Color Transforms

Vicente González Ruiz - Departamento de Informática - UAL

March 22, 2025

Contents

 1 Spectral decorrelation
 2 Luma and chromas
  2.1 Components, channels, coefficients and subbands
 3 Benefits of color transforms
 4 Scalar quantization in the color transform domain
 5 References

1 Spectral decorrelation

Most image and video compressors exploit the statistical correlation (and also perceptual redundacy1) between the \(\text {RGB}\) color components2 of the pixels, using a color transform.

Color transforms are pixel-wise operators. As a result, each pixel is represented in a different (color) domain where (usually) three new coefficients3 express the same4 information.

2 Luma and chromas

Most color transforms are designed to split the color information of a pixel into luminance (or simply luma) and chrominance (chroma). The luma is basically the low frequency5 information of the color of the pixel, and the chroma (logically) the high frequency information.

For example, in JPEG and H.264/AVC the color information of each pixel is transformed from the \(\text {RGB}\) color space to the \(\text {YCrCb}\) color space, and in JPEG XR, the destination color space is \(\text {YCoCg}\). In these luma/chroma-based color spaces, (the symbol) \(\text {Y}\) represents the luma (coefficient) of the pixel. The other two coefficients form the chroma. Note that the chrominance of a pixel is determined by two chromas.

2.1 Components, channels, coefficients and subbands

In image and video coding, most color transforms map 3 (color) components (\(\text {RGB}\)) into 3 coefficients. It is common to call to the same component(-index) of all the pixels of an image: channel (for eample, the \(\text {R}\)-channel). In most bibliography, the same coefficient(-index) of all the coefficients of a transformed image is denoted by a subband (for example, the \(Y\)-subband).

3 Benefits of color transforms

Color transforms applied to natural visual information generally have two key advantages:

  1. Energy concentration: In general, transforms “move” the energy6 between subbands, accumulating most of the energy in a reduced number of them (aspect related to the so-called coding gain of the transform [4]). In our case, where the transformations are between color spaces, in the transform domain, most of the energy is concentrated in the \(\text {Y}\) subband. As a consequence of this, usually, the entropy [2] is decreased and the dynamic range of the signal is increased. The first fact means that we can encode the same information using less bit-rate, and the second, that we can use a higher range of quantization step sizes [35], increasing also the number of feasible points in the RD curve [2].
  2. Luma/chroma perceptual analysis: Our visual system is more sensitive in terms of spatial resolution to the luma (“black and white”) information than to the chroma (“color”) information, which basically means that we can quantize more the chroma7 without generating perceptual distortion.

4 Scalar quantization in the color transform domain

If the color transform is orthogonal, (that is, the luma and the cromas are independent features of the signal8), the quantization noise generated in the subbands is additive respect to the reconstructed signal [1]. Therefore, from a pure RD point of view, the quantization step sizes for each subband should be selected using the same RD slope in all subbands (see the notebook Scalar Quantization of RGB images. Notice that this implies to compute the RD curves.

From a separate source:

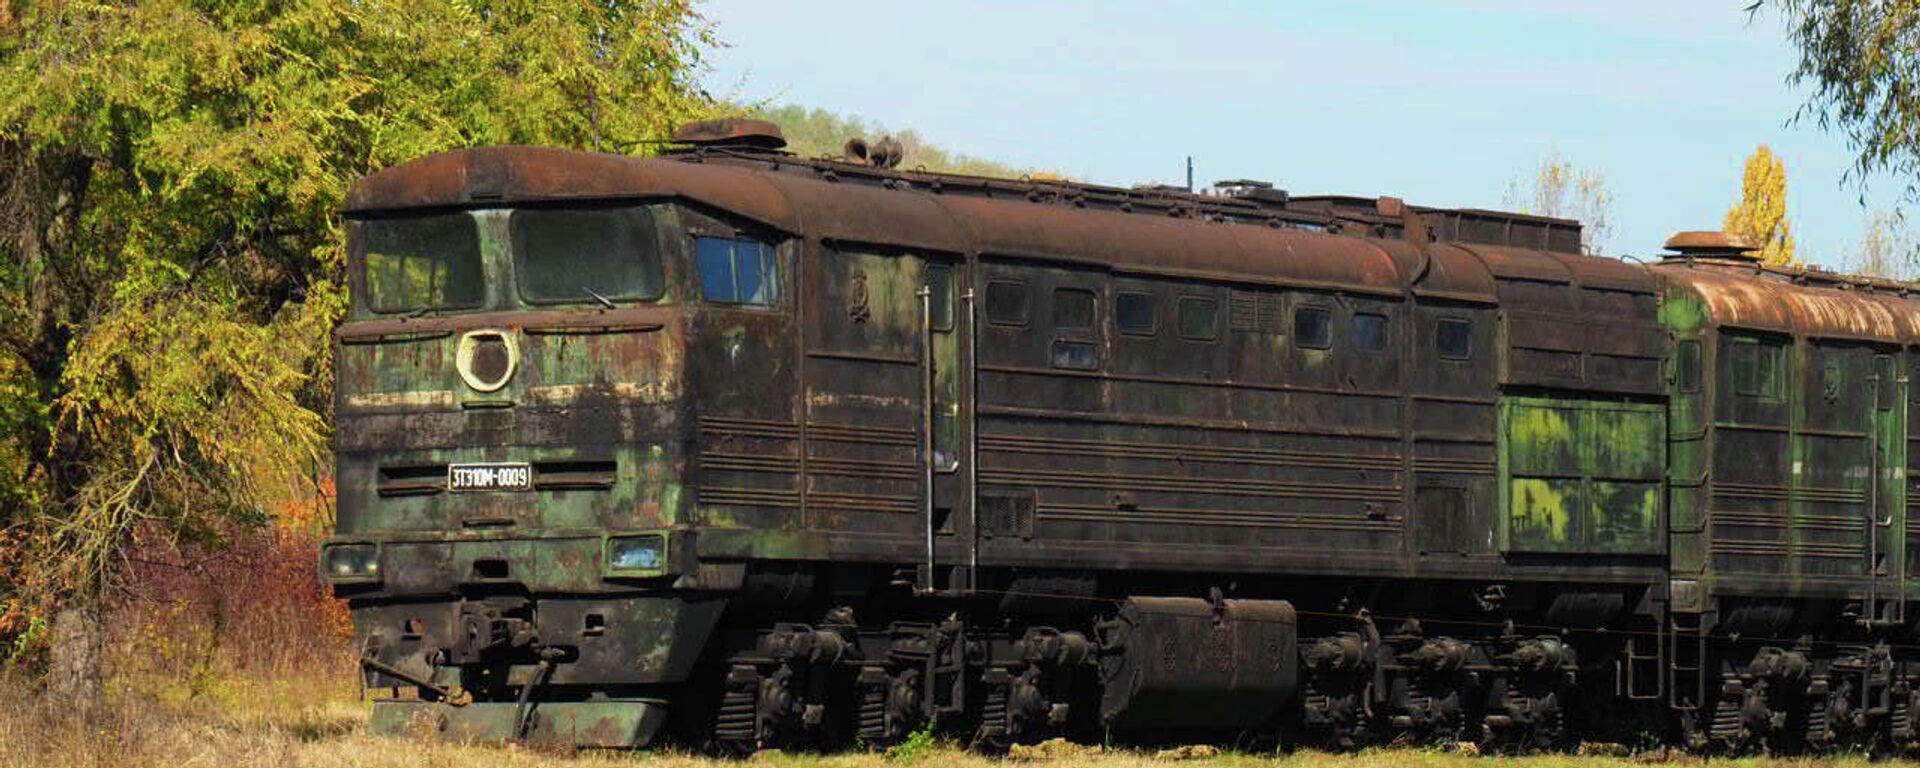 С молотка или под нож: какая судьба ждет 98 локомотивов ЖДМ - Sputnik Молдова, 1920, 31.10.2021
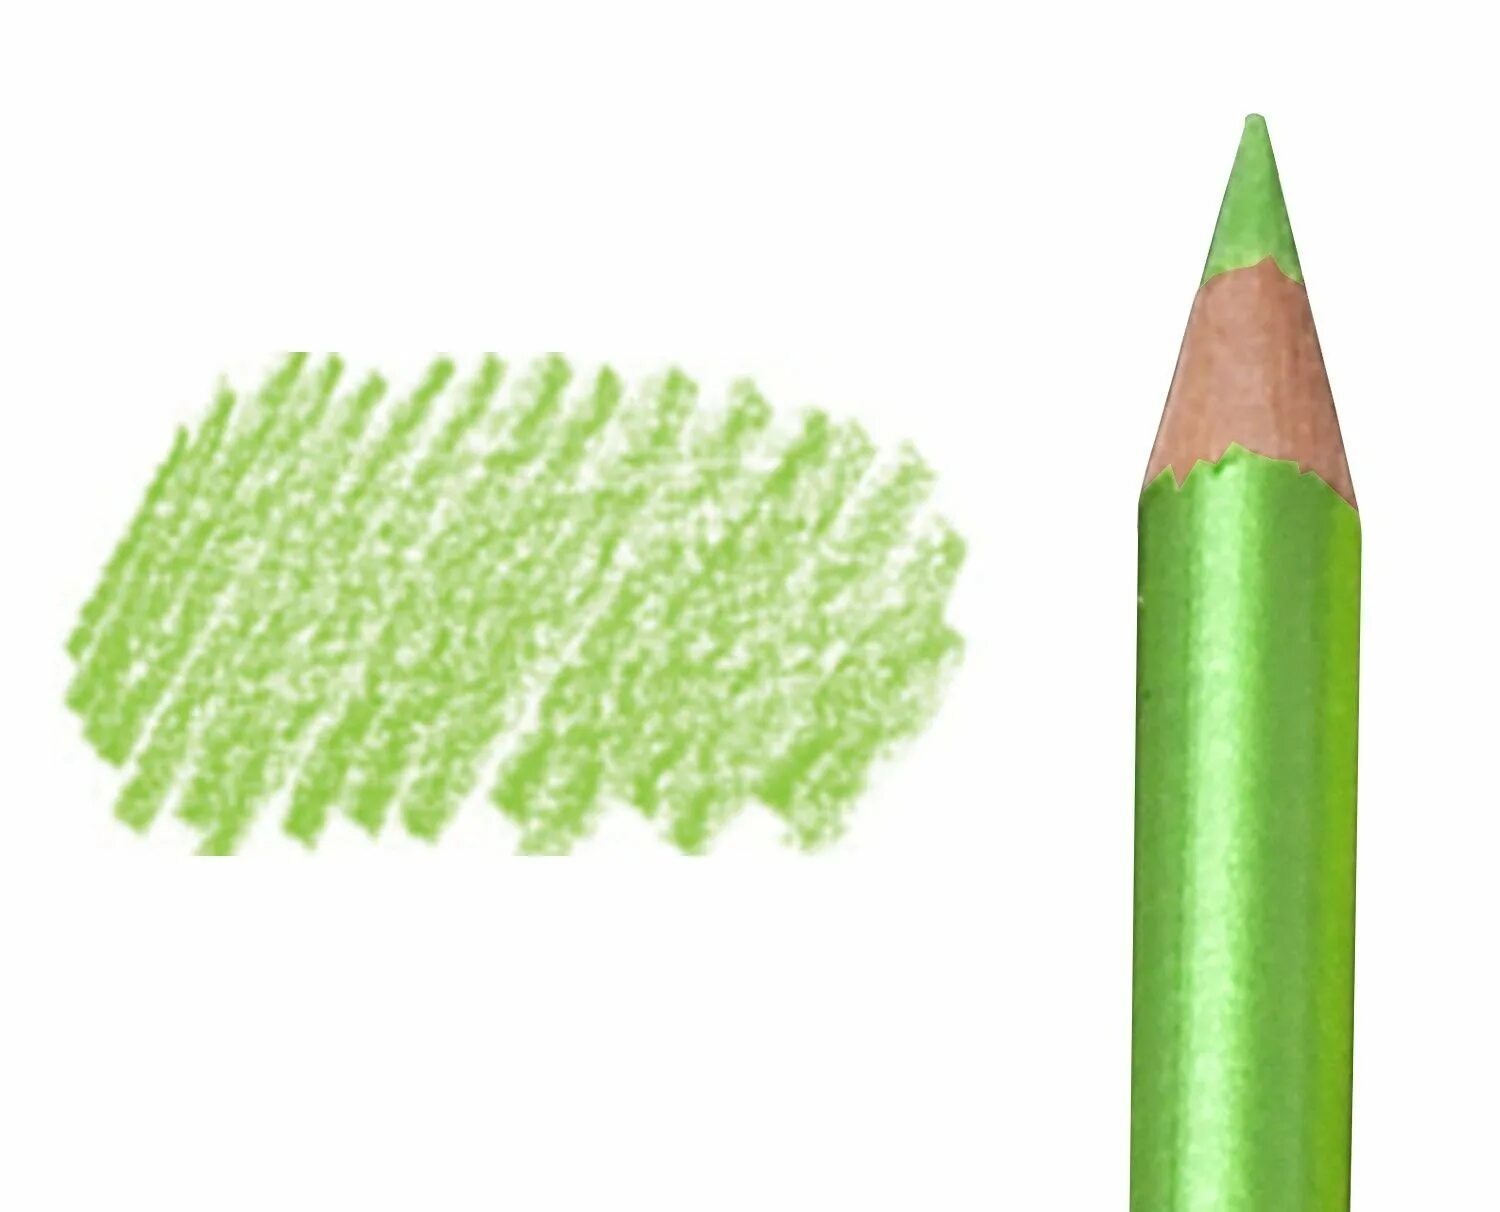 Купить зеленый карандаш. Зеленый карандаш. Зеленый карандаш для рисования. Салатовый карандаш для глаз. Салатовый цвет карандаша.

Therefore, taking a generic luma-chroma transform \(\text {YUV}\), we expect that \begin {equation} \lambda _{\text {Y}} \approx \lambda _{\text {U}} \approx \lambda _{\text {V}} \label {eq:optimal_lambda} \end {equation} for the quantization step sizes \begin {equation} \Delta _{\text {Y}} = \Delta _{\text {U}} = \Delta _{\text {V}}, \label {eq:optimal_delta} \end {equation} and therefore the Rate-Distortion Optimization (RDO) [2] can be ignored. In the notebook Scalar Quantization of RGB images we can explore (at least visually) the grade of compilance of Eq. \eqref{eq:optimal_lambda}.

Resources

  1. YCrCb.ipynb: Notebook showing the use of YCrCb.py.
  2. YCoCg.ipynb: Notebook showing the use of YCoCg.py.
  3. color-DCT.ipynb: Notebook showing the use of color-DCT.py.
  4. Vector Quantization (in the color domain) of a RGB image.
  5. Vector Quantization (in the 2D domain) of a color (RGB) image.
  6. Removing RGB redundancy with the DCT.
  7. Removing RGB redundancy with the \(\text {YCoCg}\) transform.
  8. Removing RGB redundancy with the \(\text {YCrCb}\) transform.

5 References

[1]   W. Burger and M.J. Burge. Digital Image Processing: An Algorithmic Introduction Using Java. Springer, 2016.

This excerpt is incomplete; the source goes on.